Records supplied =>
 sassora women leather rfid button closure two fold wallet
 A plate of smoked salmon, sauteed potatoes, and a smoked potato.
* * *
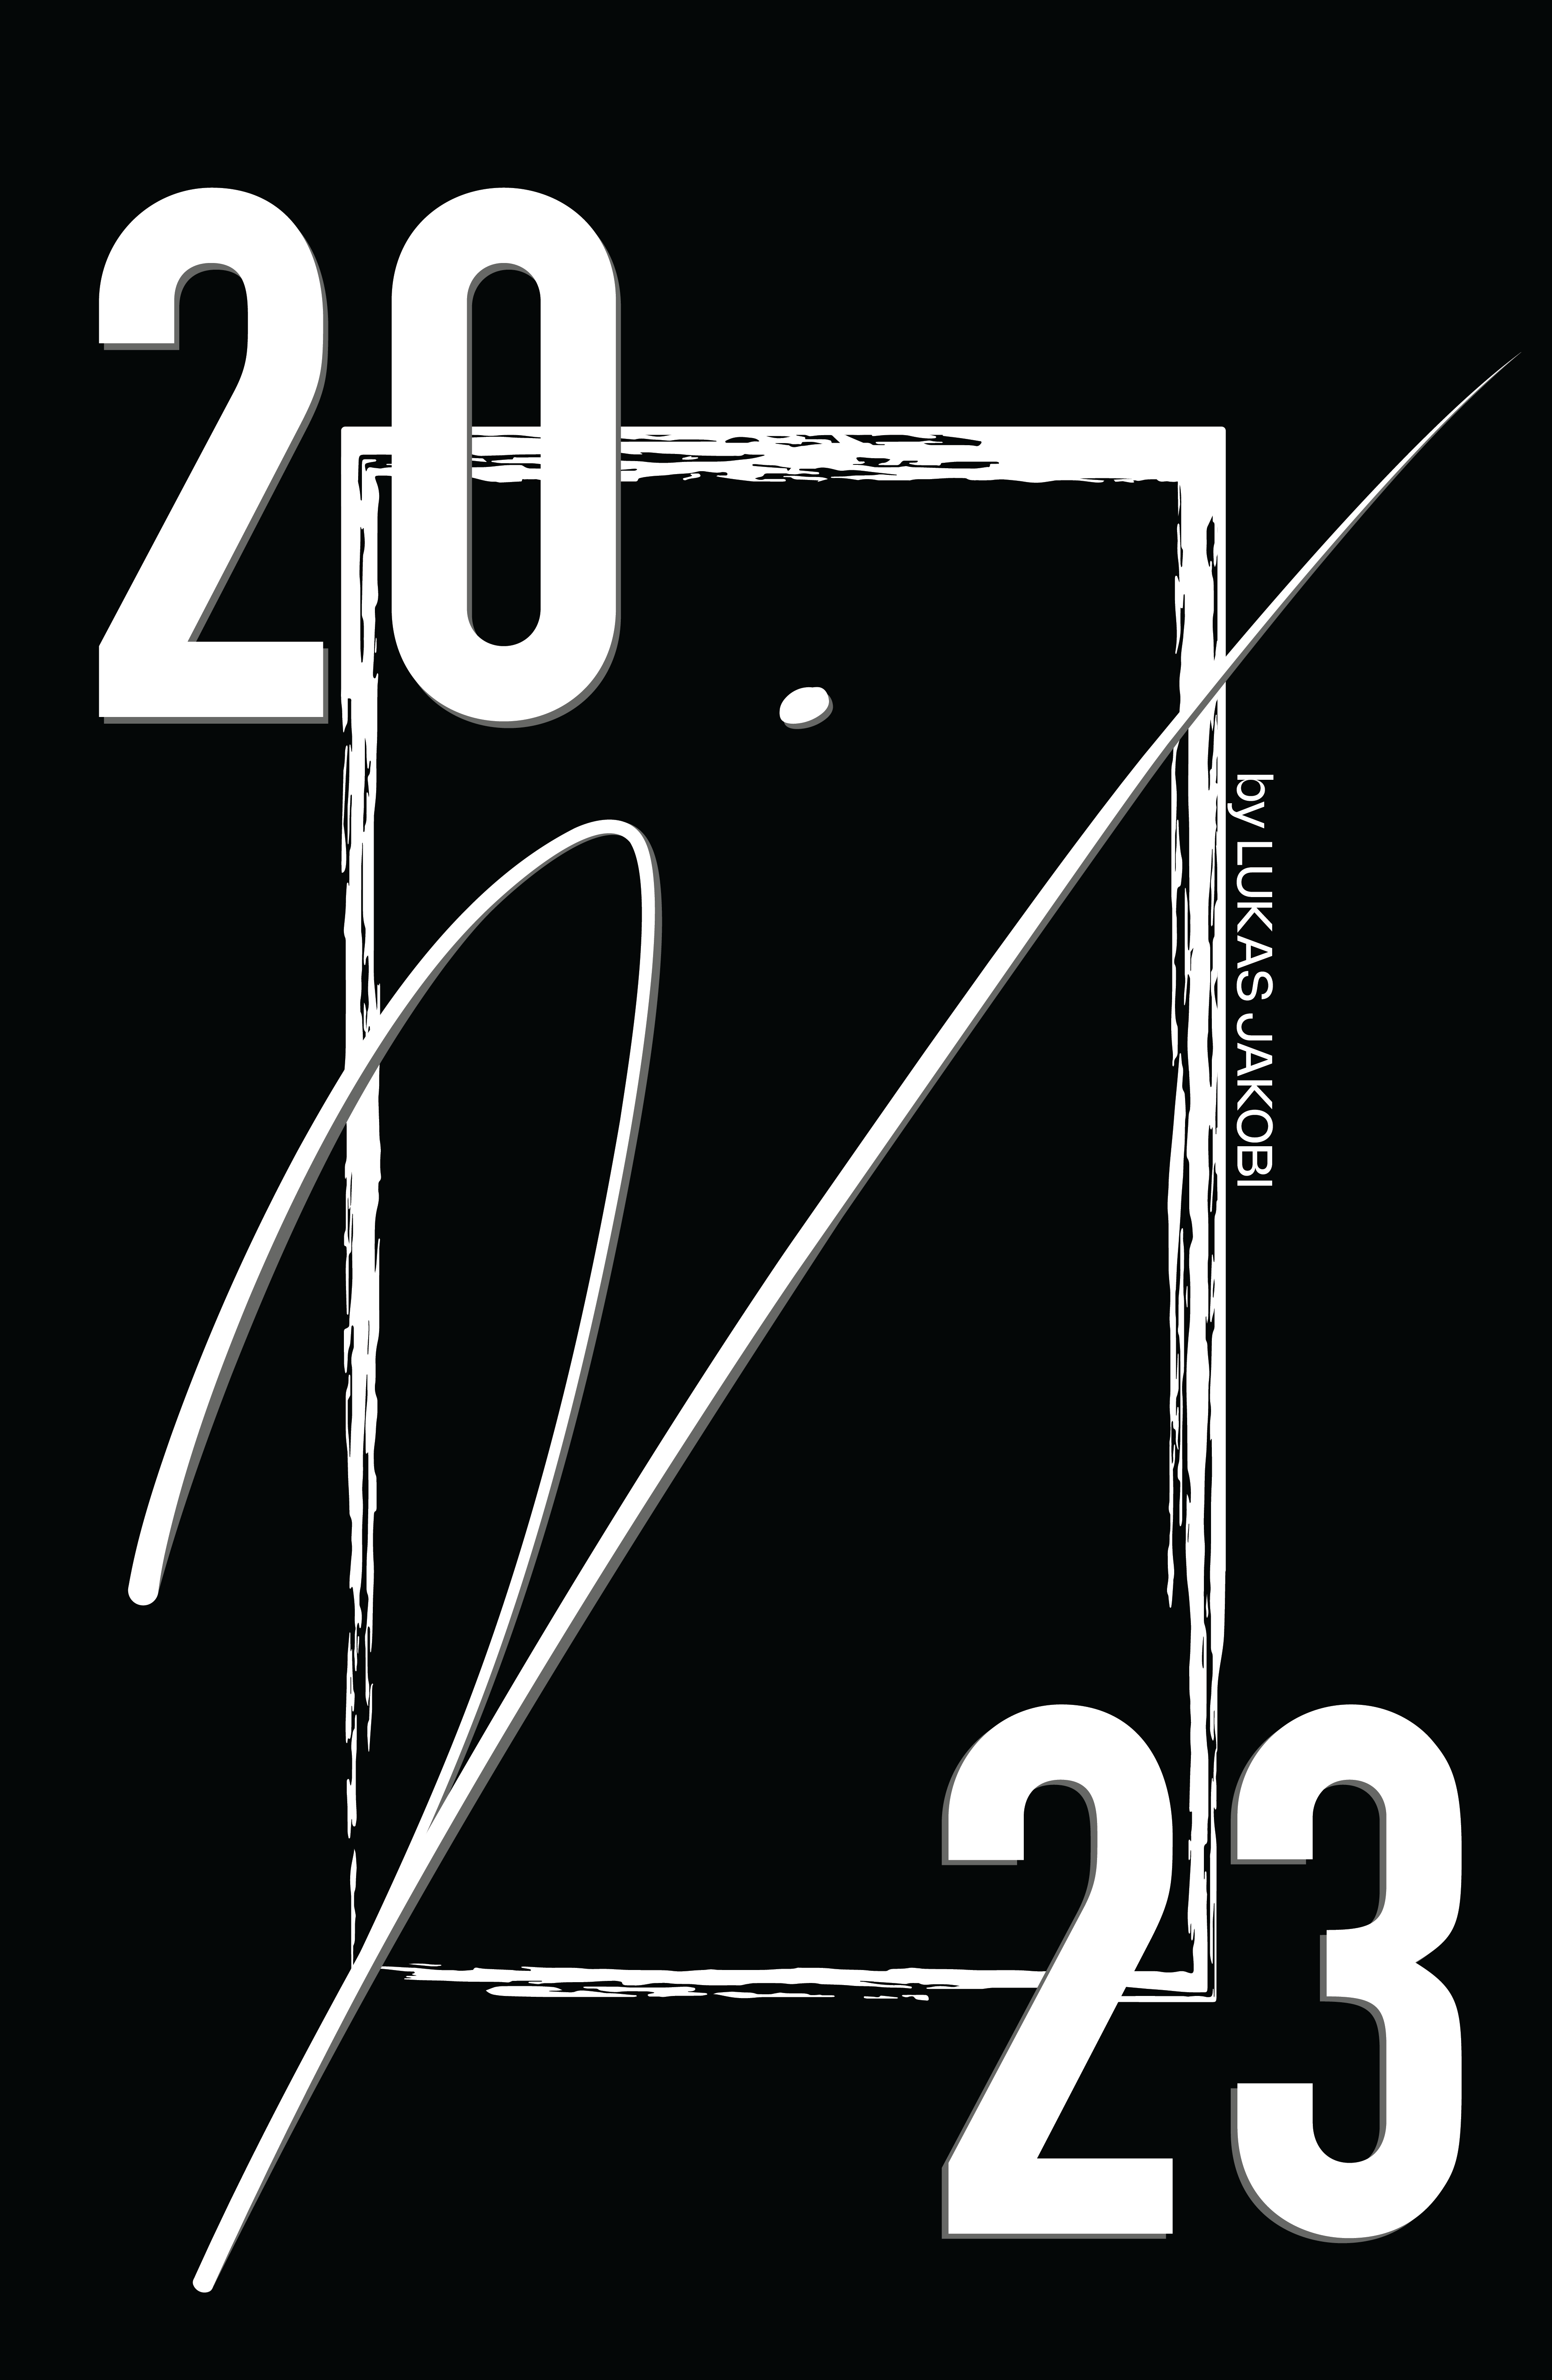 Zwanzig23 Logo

Work to complete => All lines above from the one containing "sassora women leather" to the one containing "A plate of smoked" must be repeated exactly, both lines included, and no others.

Answer for the task =>
 sassora women leather rfid button closure two fold wallet
 A plate of smoked salmon, sauteed potatoes, and a smoked potato.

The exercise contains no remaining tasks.